A bloke in an electric trike was hawking for business with free rides to the hostel we were already going to, so we hopped in and prayed for our lives weaving along the main roads, then through the old city gates to the narrow stone alleyways of the old town. Our hostel was lovely, with a bar downstairs which was very cosy (and called Cozy), but nice and light in the heat, and as we went up to our room we saw that Ria had chosen the same hostel and was in the same dorm as us.
We wandered off for lunch, but as Pingyao is such a tourists dream with all of it's originality, the restaurants are all pretty pricey, but as per, Jo and I stumbled across a locals haunt with point-and-shoot menu for half the price everywhere else, and beer at 1/3 the price. We ate there several times. That evening Ria, Marcello and Jo and I went photo hunting in all the atmospherically lit alleys, walls and gatehouses.
Following day we tried a variety of strange and not-so wonderful street grub for brekkie before settling on an egg bun thing with coffee for about 70p to do the trick. After far too much deliberation of when to leave and where to, the decision was taken out of our hands by the trains, and we were heading to Xi'an next in 2 nights time. We found a supermarket and stocked up on stuff for the long night train, then wandered the streets a bit more (Jo and I are very good at this), then found another really good chinese food place that was cheap but much closer to the hostel and with pancakes on the breakfast menu for Jo!
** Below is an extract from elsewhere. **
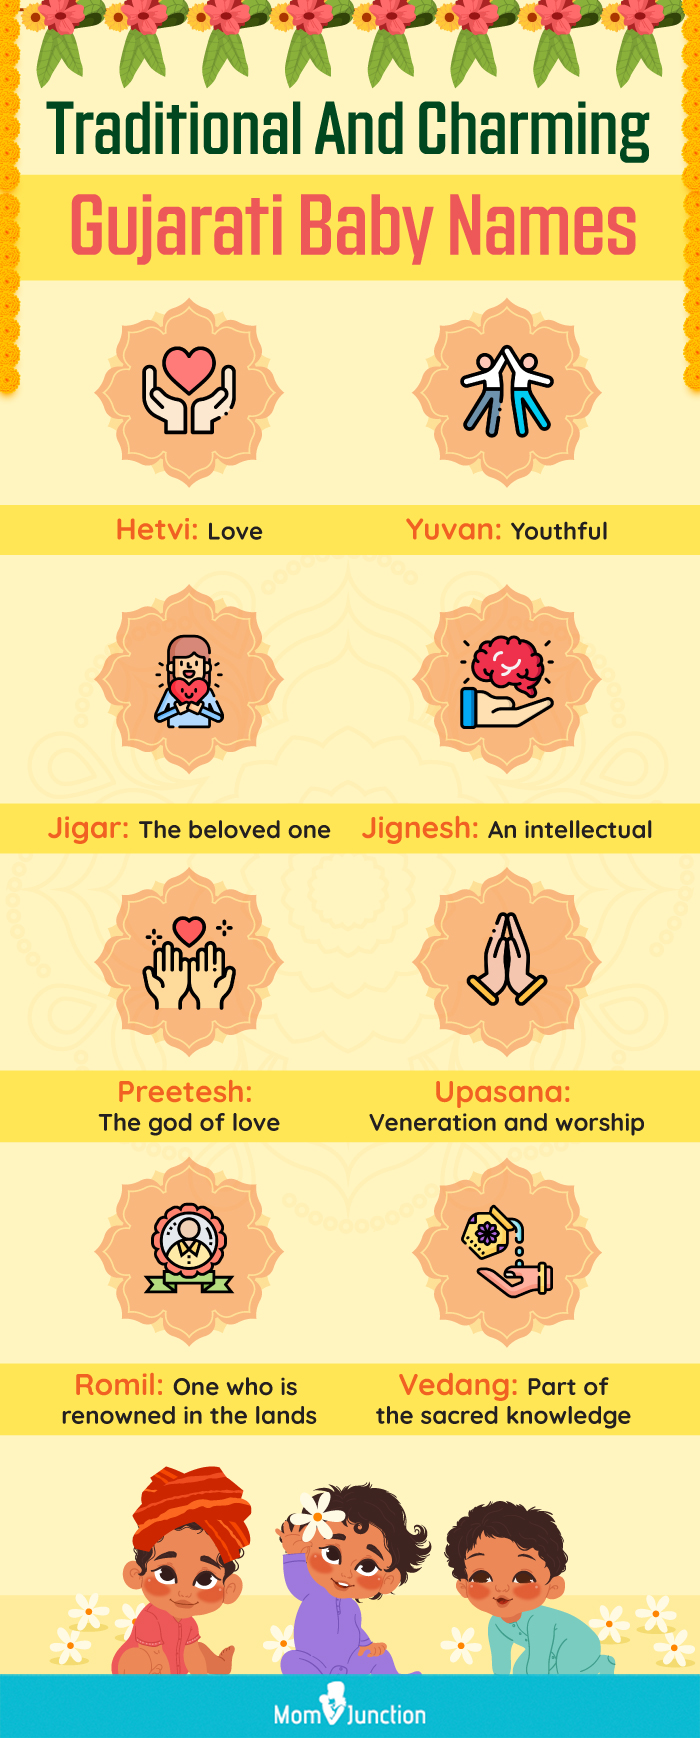 traditional and charming gujarati baby names (infographic)

Next day we rented a tandem (after pancakes), and went about some more exploring. Chinese tandems aren't made for 6'2" englishmen. On the front my knees hit the handlebars, and I could barely steer I was sat so close, and on the back was even worse as the handlebars were so low my feet couldn't even go round! The brakes were also pretty shot, and there was no grip on the tyres, so made for exciting riding! I don't think Jo even pedalled for most of our outing! We went around the perimeter of town, and found some nice picture spots, saw the lady we rescued on the Great Wall in Beijing (though she'd forgotten us already!), and then it began to rain, so we spent the rest of the afternoon in the hostel chatting, drinking tea and relaxing. When it became apparent the weather wasn't going to let up, I took the bike back. With no-one on the back, and with smooth wet stone underneath, I was sliding and skidding everywhere! I screeched up to the lady, who thought twice about giving my deposit back for my entrance, then thought better of it and sent me happily on my way.
On our last day I stumbled across a building site where an old style building was being made including the carvings done in timber on site. I was chuffed and wandered around wasting half a memory card on it. In the evening, another electric trike took us to the train station, though to add a bit more excitement, he kept his lights off to save battery. Arrived safe, got on and into our little bunks, though Jo was next to a very loud snorer (not me), so she got a great induction to sleeper trains! Got woken up early doors by loads of people chatting stupidly loudly to each other at 6am, but at least they weren't hocking and spitting for once!